Yeah, that's a reasonable workaround, as long as it doesn't hit that OpenGL problem above (now it mostly affects DX7 era games, since they don't have Vulkan translation path). Hopefully it can be fixed.
The only thing I can think of is games, and the Windows binary most likely works better under Wine anyways.
There are many embedded systems like CNC controllers, advertisement displays, etc... that run those old applications, but I seriously doubt anyone would be willing to update the software in those things.
Win64S?
It will be relegated to the computing dustbin like non-8-bit bytes and EBCDIC.
Main-core computing is vastly more homogenous than when I was born almost 50 years ago. I guess that's a natural progression for technology.
So it's far more pervasive than people think, and will likely be in the picture for decades to come.
Of course they chose to integrate JavaScript so that's less likely now.
[1] Ok I admit, not trivially when it comes to unpaired surrogates, BOMs, endian detection, and probably a dozen other edge and corner cases I don't even know about. But you can offload the work to pretty well-understood and trouble-free library calls.
Most Unix syscalls use C-style strings, which are a string of 8-bit bytes terminated with a zero byte. With many (most?) character encodings you can continue to present string data to syscalls in the same way, since they often also reserved a byte value of zero for the same purpose. Even some multi-byte encodings would work if they chose to avoid using 0-value bytes for this reason.
UTF-16LE/BE (and UTF-32 for that matter) chose not to allow for this, and the result is that if you want UTF-16 support in your existing C-string-based syscalls you need to make a second copy of every syscall which supports strings in your UTF-16 type of choice.
That's completely wrong. If a syscall (or a function) expects text in encoding A, you should not be sending it in encoding B because it would be interpreted incorrectly, or even worse, this would become a vulnerability.
For every function, encoding must be specified as are specified the types of arguments, constraints and ownership rules. Sadly many open source libraries do not do it. How are you supposed to call a function when you don't know the expected encoding?
Also, it is better to send a pointer and a length of the string rather than potentially infinitely search for a zero byte.
> and the result is that if you want UTF-16 support in your existing C-string-based syscalls
There is no need to support multiple encodings, it only makes things complicated. The simplest solution would be to use UTF-8 for all kernel facilities as a standard.
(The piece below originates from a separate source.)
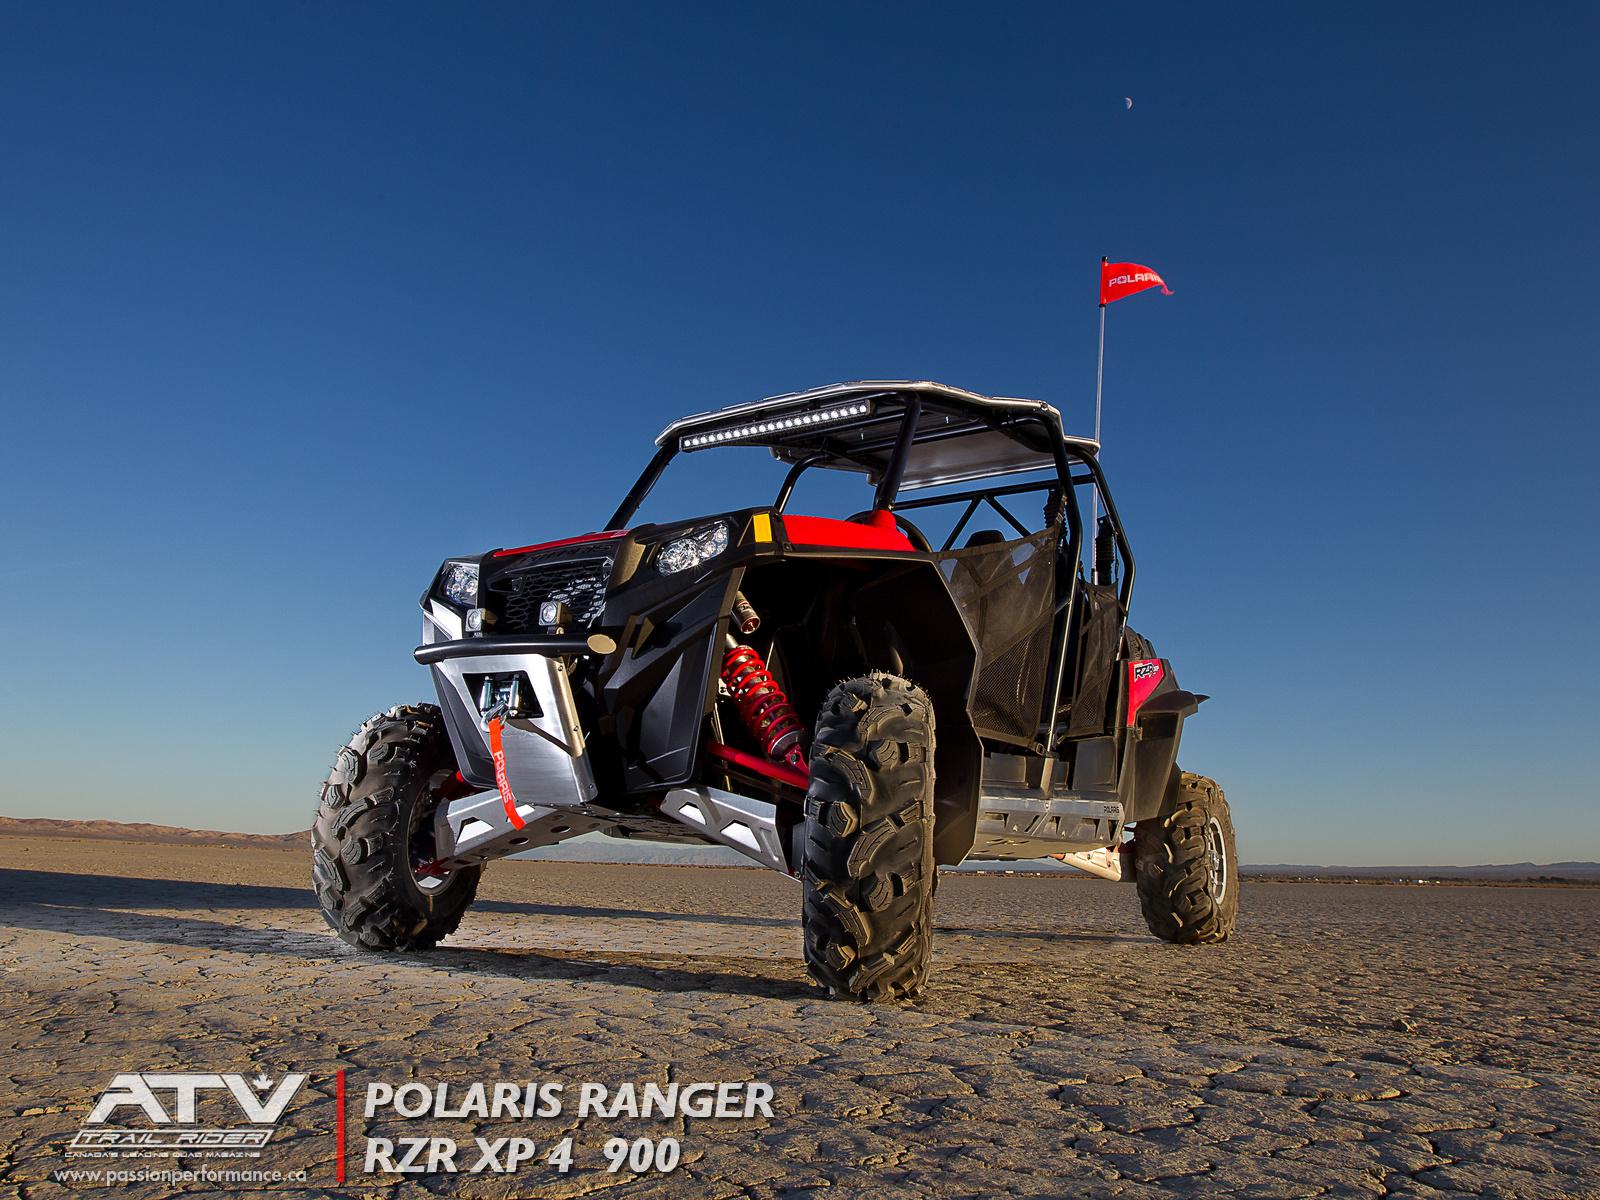 Wallpapers     ATV Trail Rider 1600x1200

For example, it would be better if open() syscall required valid UTF-8 string for a file name. This would leave no possibility for displaying file names as question marks.
UTF-16 is annoying, but it's far from the biggest design failure in Unicode.
UTF-32 is the worst of all worlds. UTF-16 has the teeny tiny advantage that pure Chinese text takes a bit less space in UTF-16 than UTF-8 (typically irrelevant because that advantage is outweighed by the fact that the markup surrounding the text takes more space). UTF-8 is the best option for pretty much everything.
As a consequence, never use UTF-32, only use UTF-16 where necessary due to backwards compatibility, always use UTF-8 where possible.
There's also the problem that grapheme cluster boundaries change over time. Unicode has become a true mess.
Not really. Unicode is still fundamentally based off of the codepoints, which go from 0 to 2^16 + 2^20, and all of the algorithms of Unicode properties operate on these codepoints. It's just that Unicode has left open a gap of codepoints so that the upper 2^20 codepoints can be encoded in UTF-16 without risk of confusion of other UCS-2 text.
The expansion of Unicode beyond the BMP was designed to facilitate an upgrade compatibility path from UCS-2 systems, but it is extremely incorrect to somehow equate Unicode with UTF-16.
Then there is also the issue that technically there is no such thing as UTF-16, instead you need to distinguish UTF-16LE and UTF-16BE. Even though approximately no one uses the latter we still can't ignore it and have to prepend documents and strings with byte order markers (another wasted pair of code points for the sake of an encoding issue) which mean you can't even trivially concatenate them anymore.
Meanwhile UTF-8 is backwards compatible with ASCII, byte order independent, has tons of useful properties and didn't require any Unicode code point assignments to achieve that.
The only reason we have UTF-16 is because early adopters of Unicode bet on UCS-2 and were too cheap to correct their mistake properly when it became clear that two bytes wasn't going to be enough. It's a dirty hack to cover up a mistake that should have never existed.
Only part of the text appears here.